You will find related question helpful.

Also take look at K-means_algorithm

K-means_algorithm

If you have N annotations and want to break into K parts you can find center (which will fill certain criteria. e.g. minimize the within-cluster sum of squares ) of each of K parts with K-means-algorithm. Once you have center find out distance between center and annotation farthest from center it will give radius of region you are interested. There are several variations of K-means_algorithm, you can choose whichever based on performance and ease of implementation.

EDIT:
I have not implemented following, but think will definitely give one of solution

If you are OK with range 5-10, there can be multiple solutions. So we will find one of solution.

1- Say you have (N=100) annotations and want which (P =15) of them are most located densely.

2- Then we will divide N annotations in K = N/P groups(here K = 7) randomly

3- Use K-means algorithm so that finally we will have K groups that can be differentiated as separate entities.

4- These K groups will have property of minimum ” within-cluster sum of squares”.

5- If you want to save computational time, you can relax definition of most concentrated group as minimum “within-cluster sum of squares” as opposed to area bounded by them.

6- select a group from obtained K group that satisfies your criteria.

7- If want to persist to minimum area(greatest concentration) definition then you will need to do lots of computation

a.

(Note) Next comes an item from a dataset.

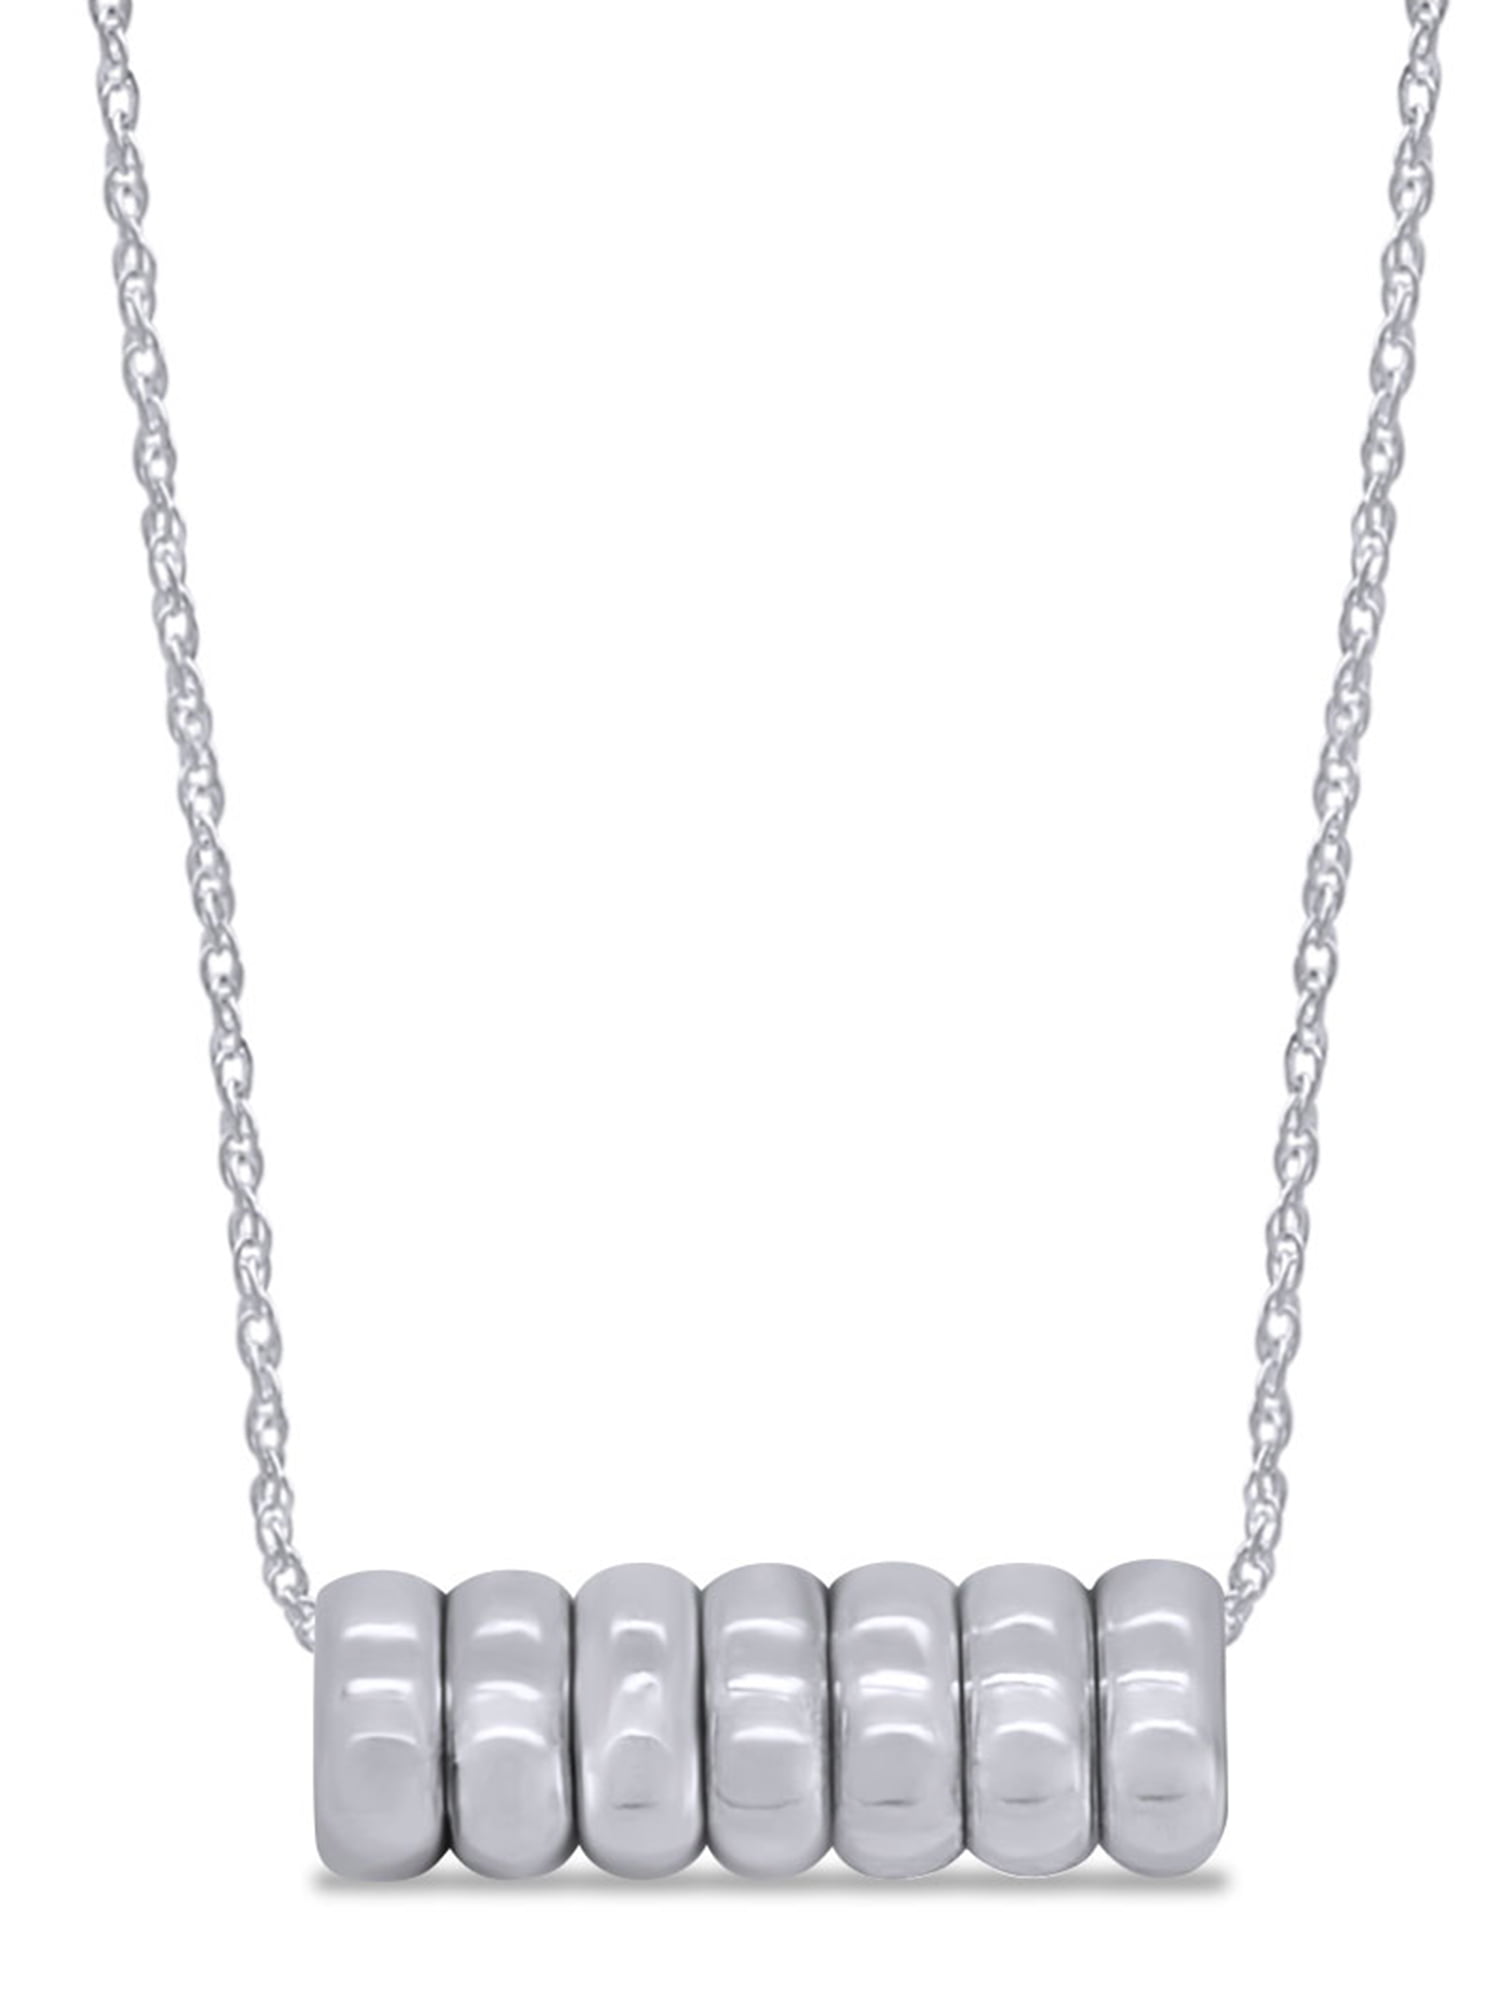 AFFY Simulated Gemstones Bar Link Chain Bracelets in 14k White Gold Over Sterling Silver

First determine boundary annotations of given group, which itself a huge problem.

b. calculate are of each polygon and see which is least. not complicated but computationally demanding)

EDIT2:

I tried whatever I can and finally thought it this question belongs to specialist math website. I asked your question here and from the answer , you can get paper discussing this problem and solution here. Problem they discuss is given N points, find the K points whose area of convex hull is minimum.